Wetenschap= het geheel van kennis dat voorkomt uit de menselijke activiteit om de wereld te onderzoeken
en betrouwbare kennis te vergaren.
-> Menselijke activiteit
-> Geheel van kennis
-> Disciplines
Descriptief= wetenschap is beschrijvend bijv. wat is een molecuul en wat
doet het?
Normatief= wetenschap is voorschrijvend: wat je met wetenschap zou moeten doen en hoe je het hoort te
gebruiken, waar het zich mee bezig moet houden. (Volgens Hume moet wetenschap alleen descriptief zijn.
De mens is een alles eter, maar dat betekent niet dat we alles moeten eten).
Er zijn meerdere indelingen van de wetenschap, dit is een indeling:
1. Natuurwetenschappen
2. Levenswetenschappen
3. Menswetenschappen
4. Formele wetenschappen
Reductie= verklaren van verschijnselen door te verwijzen naar onderliggende structuren
Unificatie= een verklaring die meerdere verschijnselen kan verklaren
Wetenschappelijke methode - klassieke oudheid
Welke kenmerken moet een wetenschappelijke methode hebben?

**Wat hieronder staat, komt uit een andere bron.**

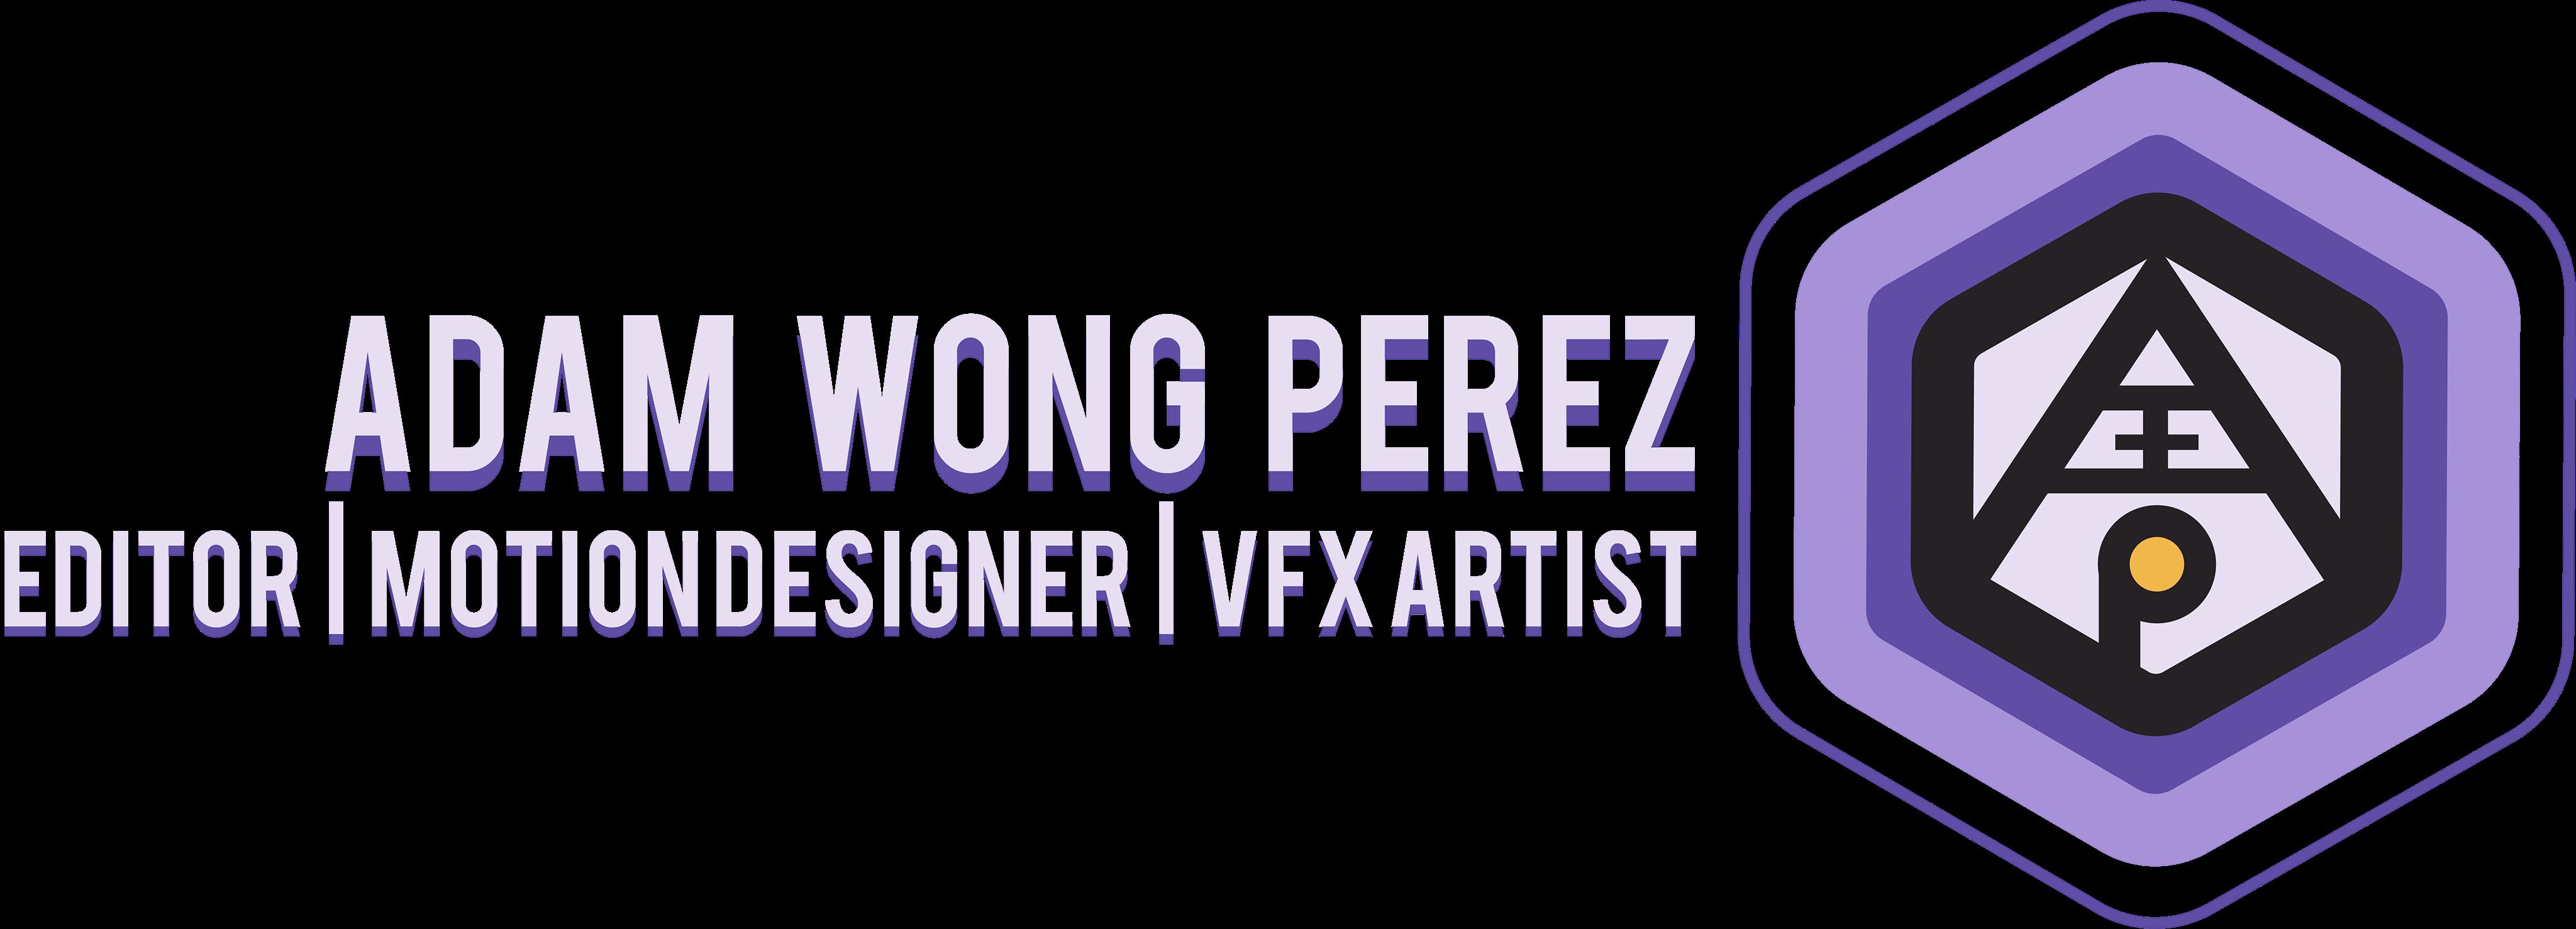 Adam Wong Perez

Deductieve methode (Aristoteles)
Algemene regel waar je een observatie aan toets en daar een conclusie op baseert.
Algemeen: water kookt bij 100 graden.
Specifiek: het water in dit pannetje is 100 graden.
Conclusie: het water kookt.
- Axioma’s: algemeen, altijd geldende regel waarvan iedereen vindt dat dat het geval is. Bijv. water kookt
op 100 graden.
- Conclusie moet noodzakelijk volgen uit premissen en de axioma, dan is het geldig en waar (bij geldigheid
doet de inhoud er niet toe, alleen de vorm).
- Kritiek: absoluut zeker, maar zeer beperkte methode: te weinig axioma’s.
- Kritisch ten opzichte van premissen: te weinig algemene regels die ook toe te passen zijn om het leven:
elke cirkel is rond, maar niet elke stoel heeft 4 poten. Veel is onderuit te halen.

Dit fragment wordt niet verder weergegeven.